179 00:20:51.550 00:20:59.589 Demilade Agboola: And we’ll definitely have way more meetings, like, going forward with, like, the working sessions, and Ashwini will definitely book time to be able to…

180 00:20:59.870 00:21:05.139 Demilade Agboola: Let you know, or ask… bring up questions about the… Spain’s API, so…

181 00:21:07.360 00:21:22.669 Honey Nut: Okay, awesome. Yeah, and I just pulled, like, the three endpoints that’ll be most useful. I just added those and linked the documentation in our onboarding packet, so definitely start there. I’m not sure if I passed this off previously, but I’ll tag in that right now as well.

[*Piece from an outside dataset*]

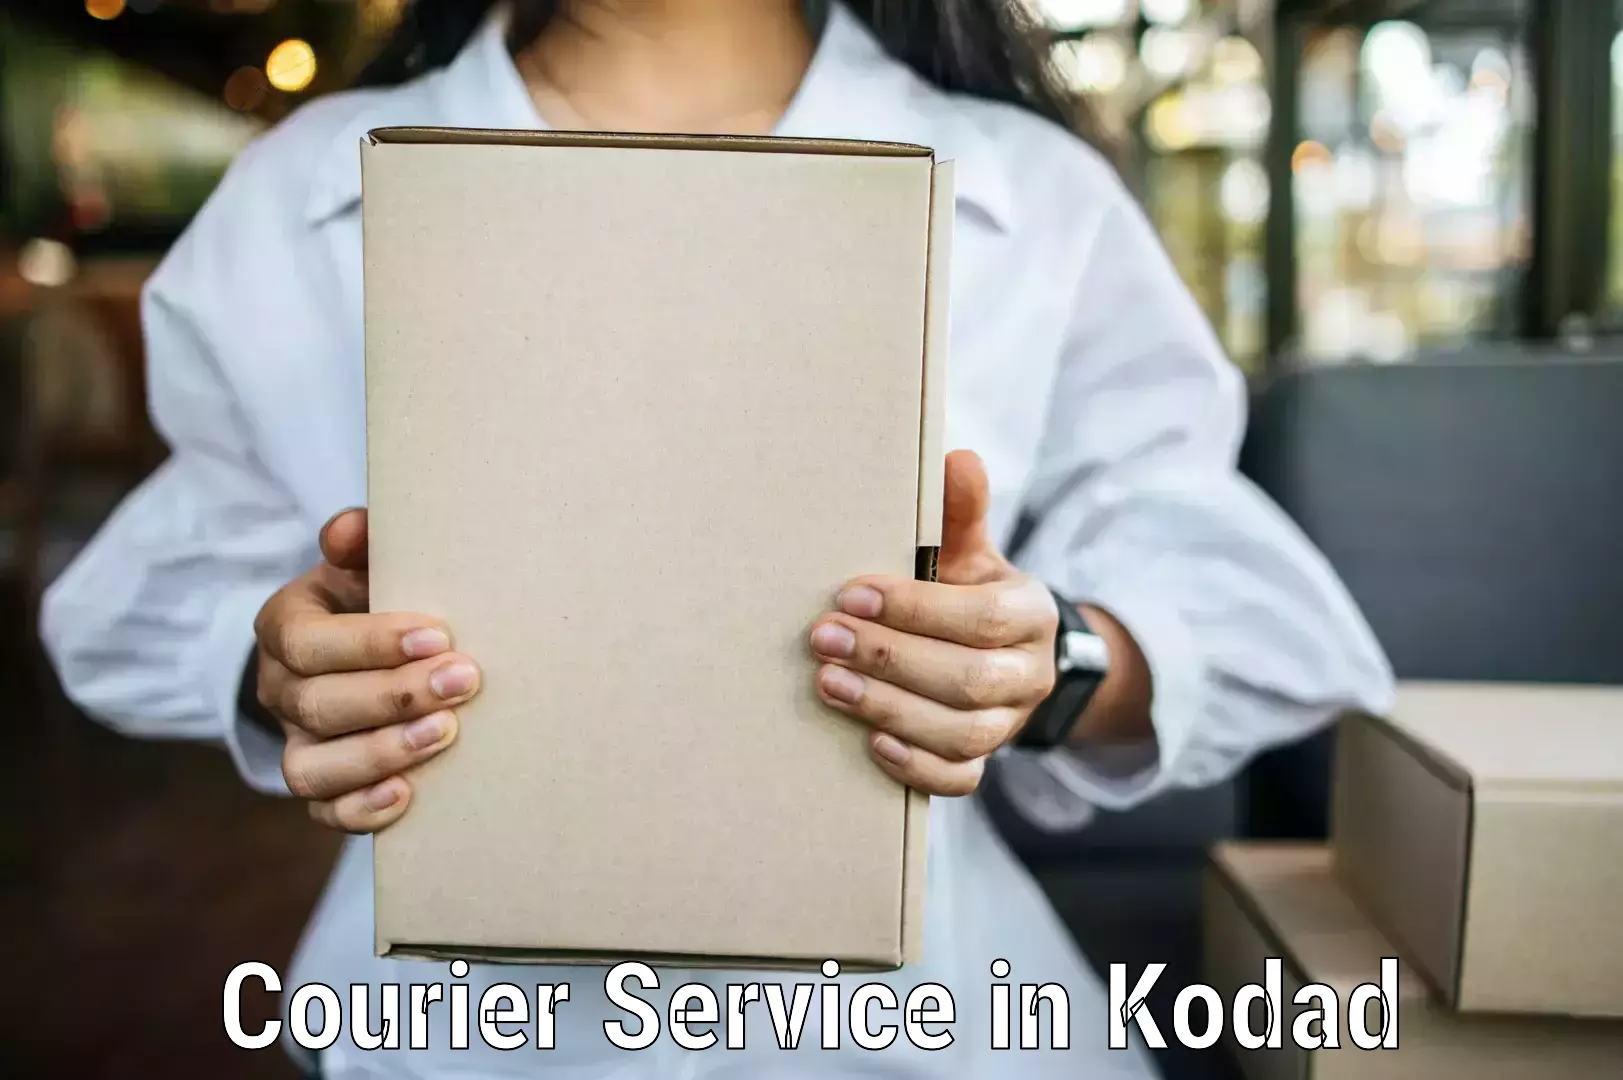 High-priority parcel service in Kodad

182 00:21:23.430 00:21:32.079 Honey Nut: it’s… yeah, there’s, like, a market trend mutation, and there’s, like, a market insights query, as well as, like, an extract, so… I’ll just tag in that.

183 00:21:32.380 00:21:41.169 Ashwini Sharma: Oh, sorry, sorry. Is that the only two endpoints from where you need data, or… there’s a bunch of other endpoints, not exactly endpoints, but

184 00:21:41.680 00:21:46.219 Ashwini Sharma: the other query objects, right? One there.

185 00:21:46.940 00:21:57.929 Honey Nut: Yeah, these… those two mutations were what were recommended by the product team, from Spins. We’ve been, like, what I’ve hit in the past at just these two endpoints, one is for…

186 00:21:57.930 00:22:11.859 Honey Nut: like, like, just a snapshot view of, like, timeframes from, like, backed off from a specific date, and the other one’s, like, trends, like, multiple periods, so you can get, like, week over week with the trends mutation, and then with the main

187 00:22:11.970 00:22:27.170 Honey Nut: Market Insights mutation, you can just get, like, kind of our standard view. I think either of those will work for our current use cases. So yeah, just focus in there. I wouldn’t get too into the weeds on the queries, because that’s what their product team pointed us towards.

188 00:22:27.720 00:22:29.440 Ashwini Sharma: Okay, got it, yeah.

189 00:22:29.820 00:22:36.429 Ashwini Sharma: Can you add, the client ID and client secret to the perfect environment?

190 00:22:36.780 00:22:43.409 Ashwini Sharma: I’m not able to see where it was added for the other… Other connectors that you have.

191 00:22:44.310 00:22:48.210 Honey Nut: Cool, yeah, I can, let me log in and see if I can add that. It’s a good call out.

192 00:22:51.500 00:22:52.710 Honey Nut: Oh, it’s not even.

193 00:22:56.520 00:22:57.090 Uttam Kumaran: Okay.

194 00:22:58.150 00:22:58.760 Honey Nut: Nope.

195 00:22:59.560 00:23:08.390 Honey Nut: Yeah, feel free to Slack us if anything else… you need anything else about, like, related to Prefect or these endpoints. Again, like, happy to keep passing off this kind of context.

196 00:23:10.110 00:23:10.770 Uttam Kumaran: Okay.

197 00:23:13.660 00:23:14.430 Uttam Kumaran: Alright.

198 00:23:14.740 00:23:15.819 Uttam Kumaran: Appreciate it, everyone.

199 00:23:17.100 00:23:19.839 Honey Nut: Awesome, speak to you guys soon. Thank you.

200 00:23:19.840 00:23:21.120 Demilade Agboola: Thank you. Bye.

201 00:23:21.750 00:23:22.560 Honey Nut: Renee.